THE PROBLEM >>
Emit the data below verbatim, stripping out any pictures.

DATA EXTRACT >>
--- --- ---
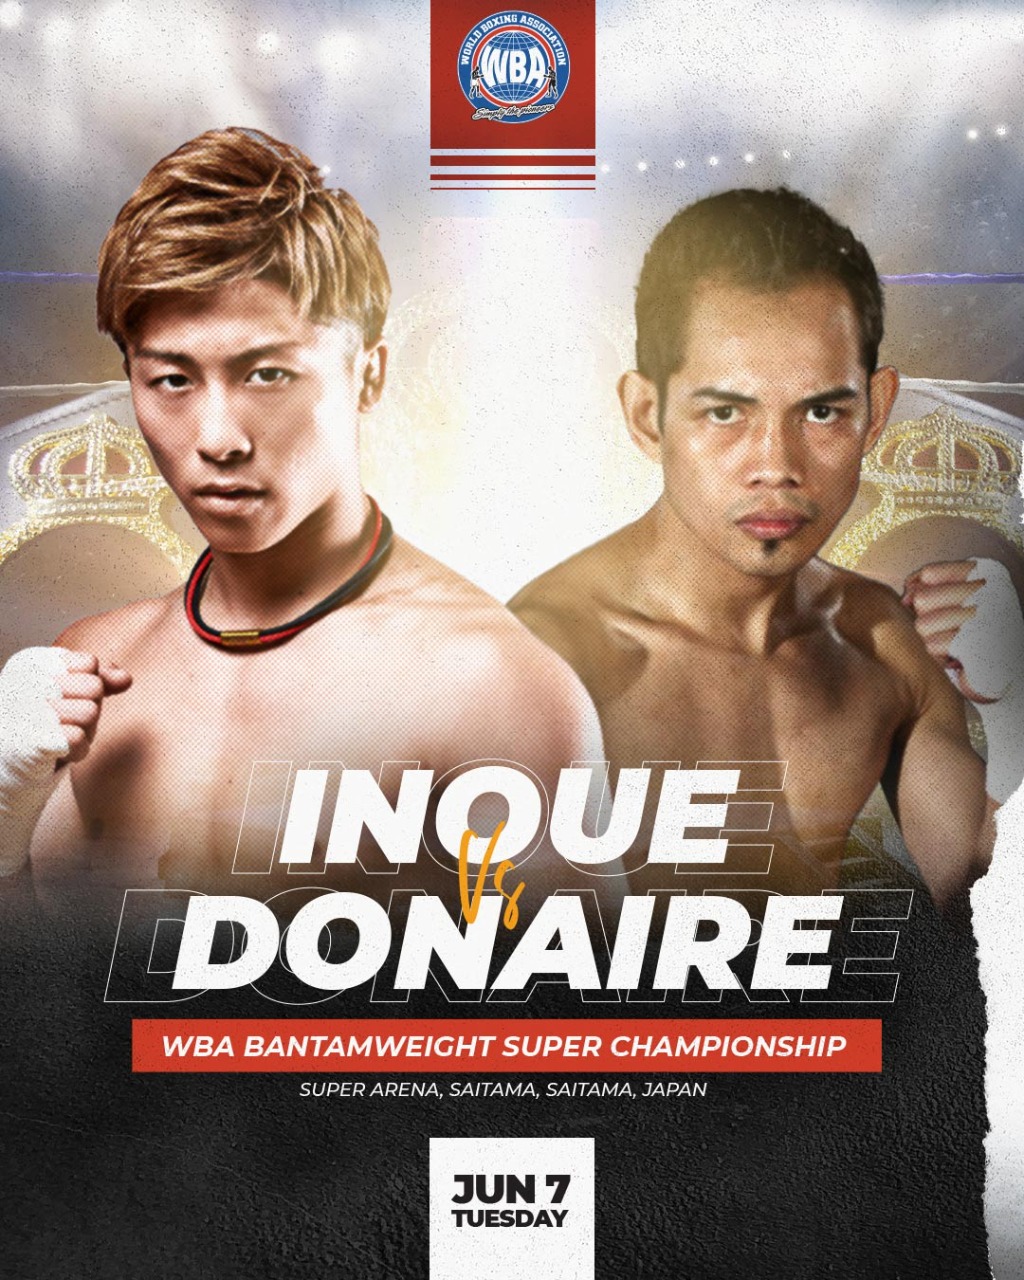 Drama in Saitama 2 Inoue and Donare for their second fight
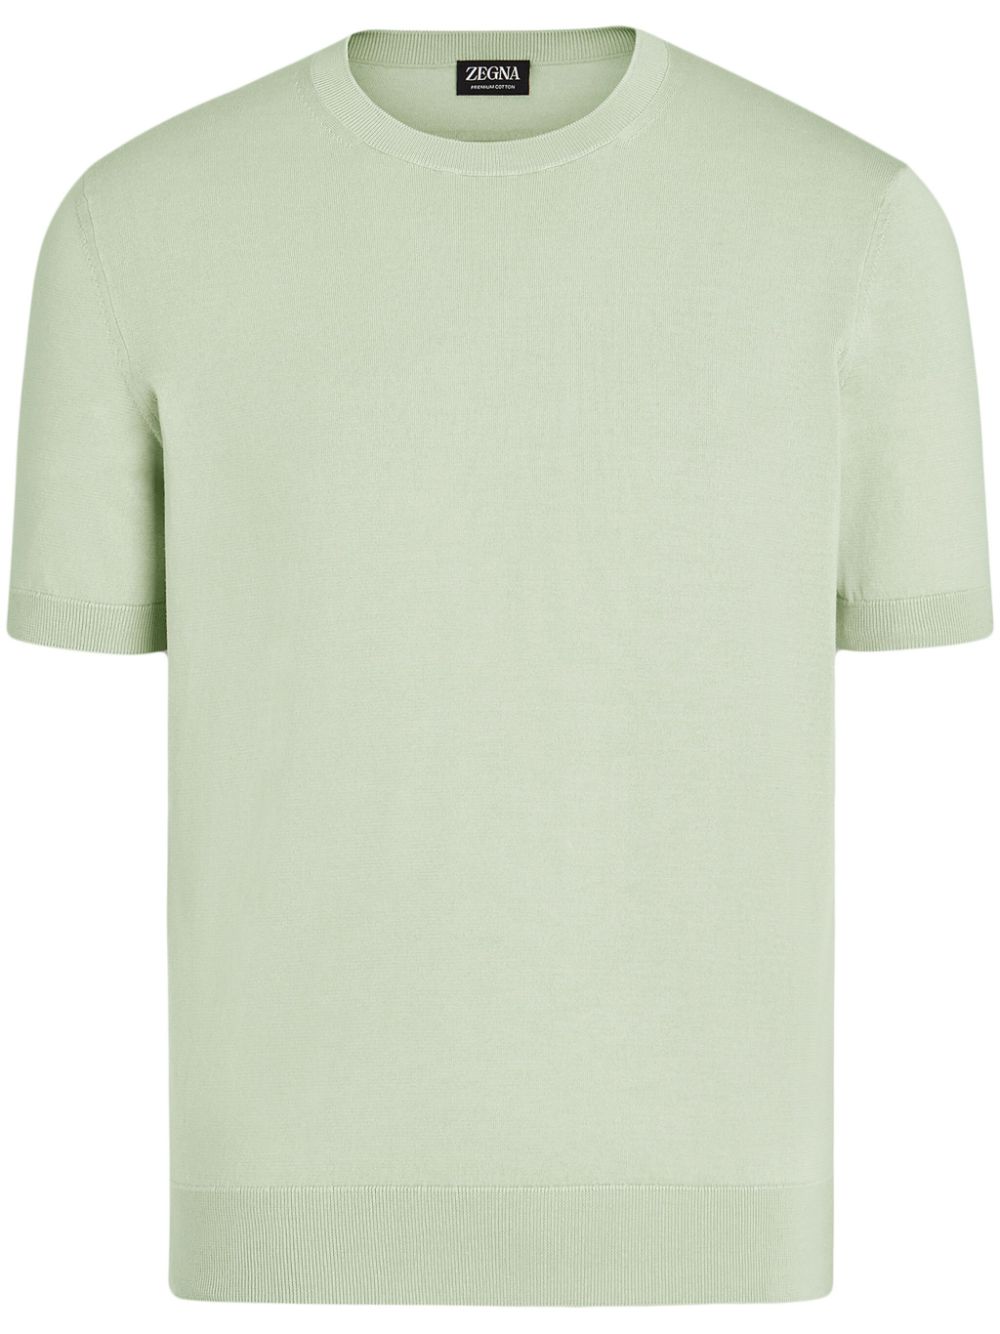 Zegna Fine-knit Cotton T-shirt In Green
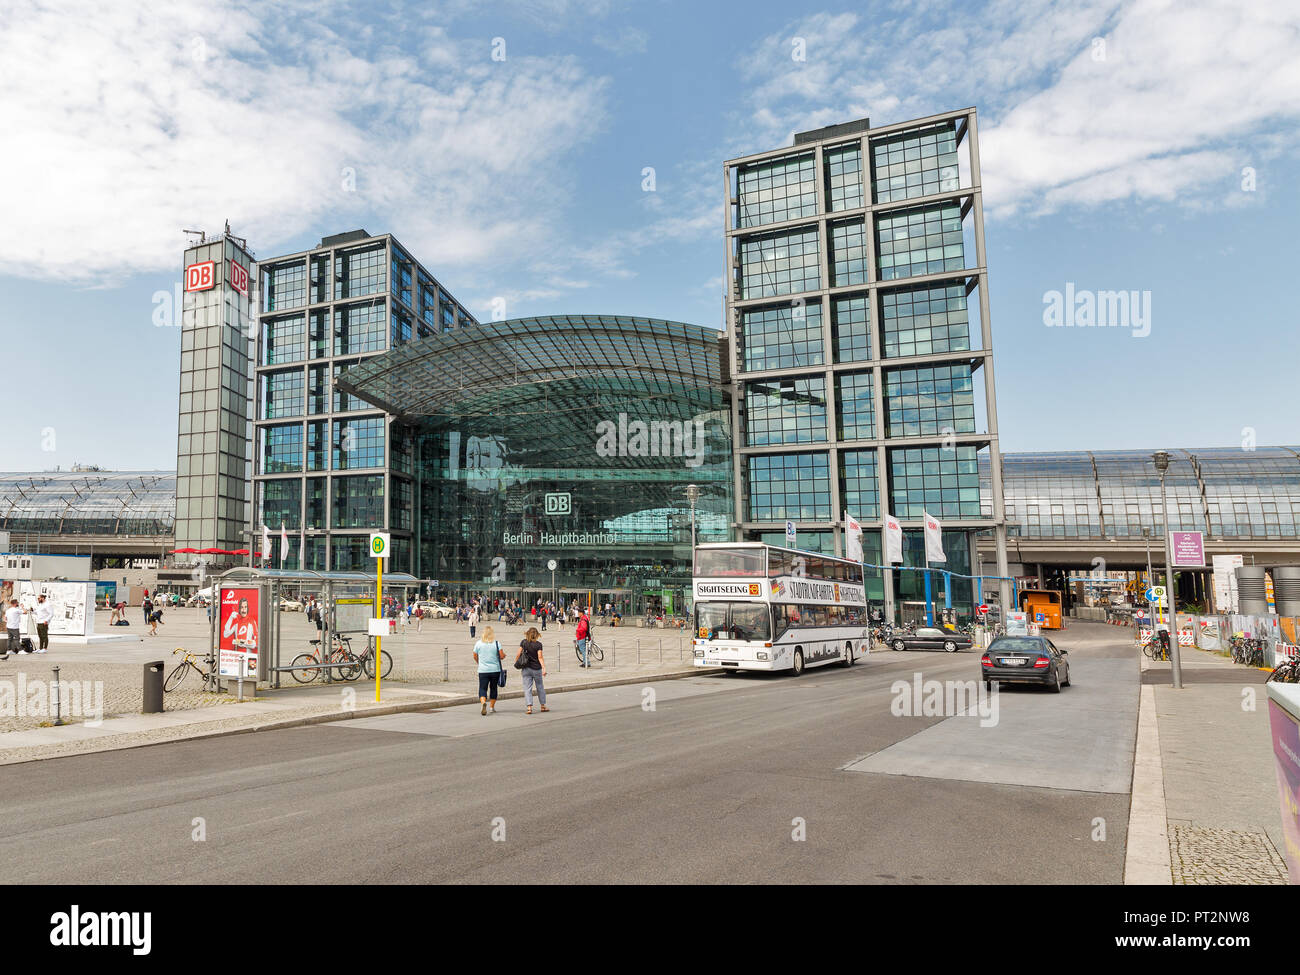 BERLIN, GERMANY - JULY 13, 2018: Facade view of Berlin Central Railway Station square or Berlin Hauptbahnhof, Hbf. Station was opened in May 2006, ope Stock Photo
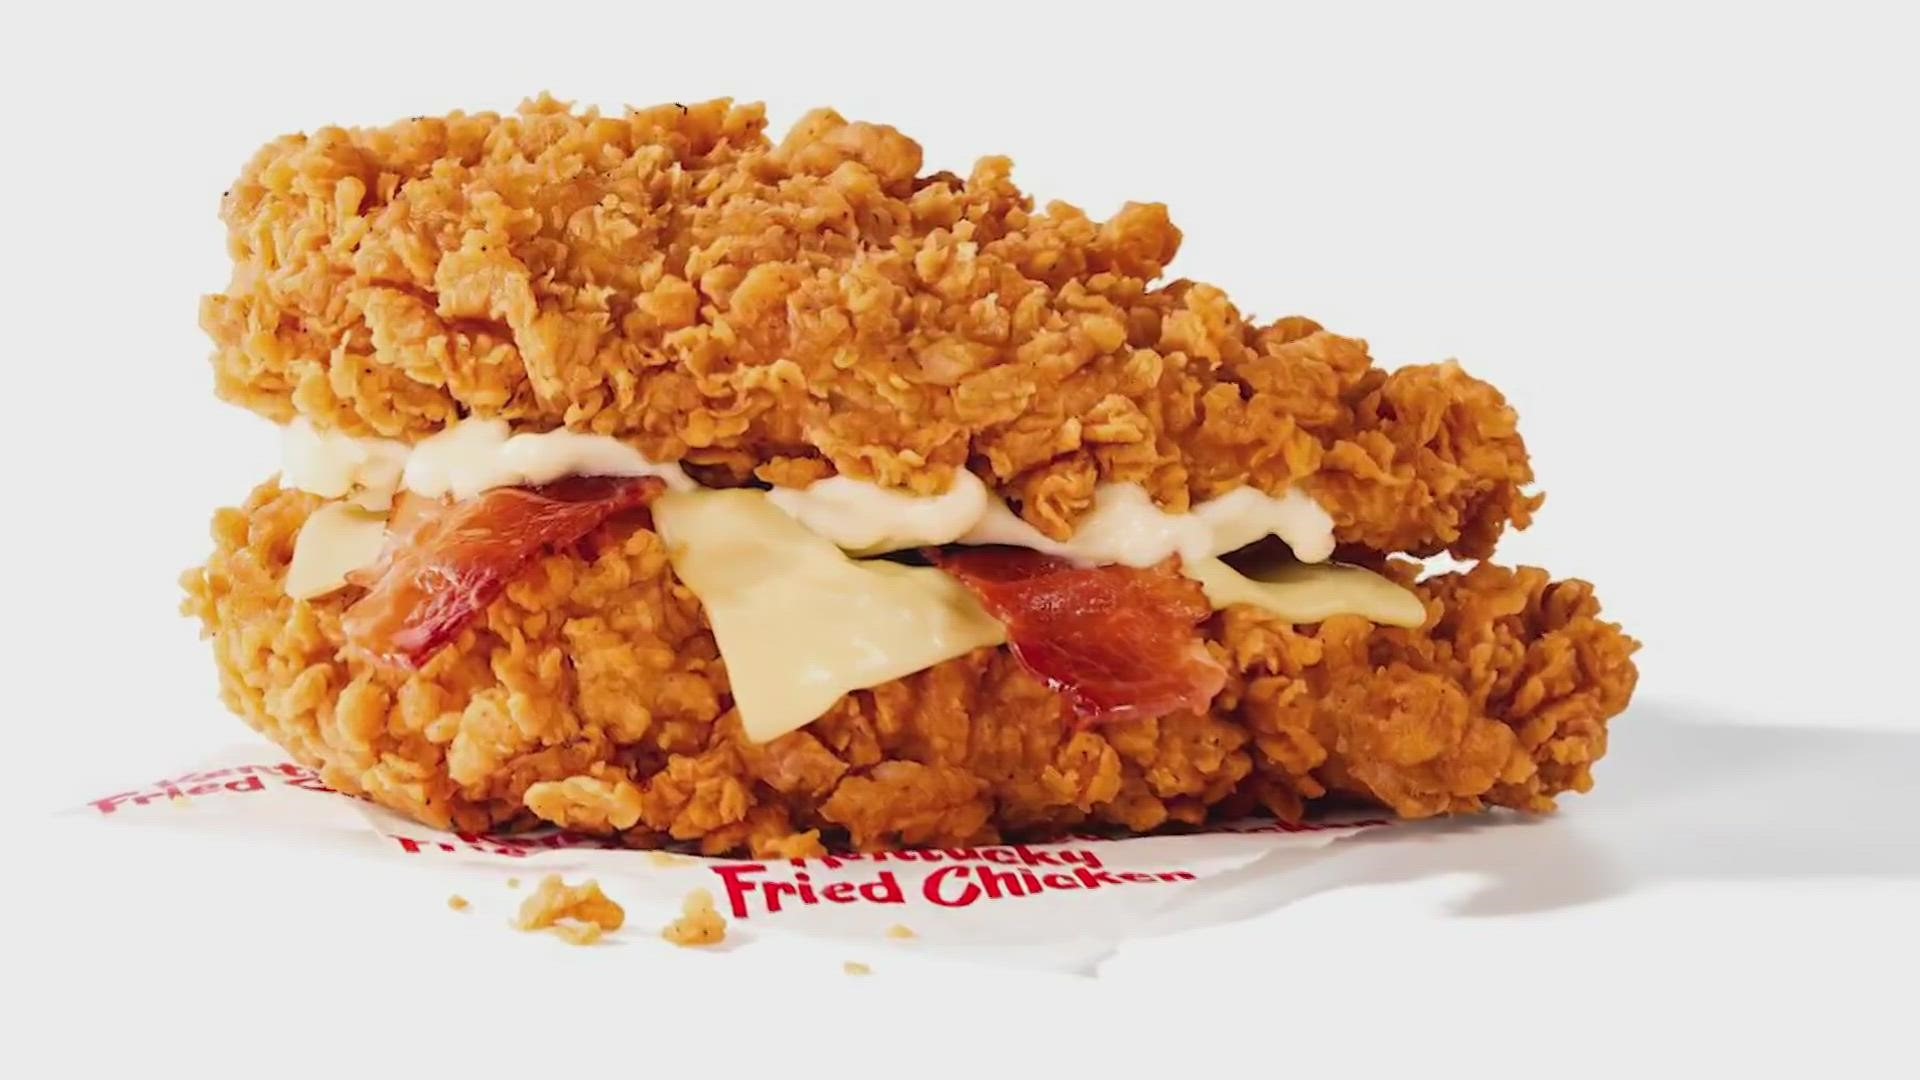 Kentucky Fried Chicken announced it will bring back the KFC Double Down Sandwich for the first time in nearly a decade.
--- --- ---
OUTPUT FOR THIS TASK >>
 Drama in Saitama 2 Inoue and Donare for their second fight
 Zegna Fine-knit Cotton T-shirt In Green
 BERLIN, GERMANY - JULY 13, 2018: Facade view of Berlin Central Railway Station square or Berlin Hauptbahnhof, Hbf. Station was opened in May 2006, ope Stock Photo
 Kentucky Fried Chicken announced it will bring back the KFC Double Down Sandwich for the first time in nearly a decade.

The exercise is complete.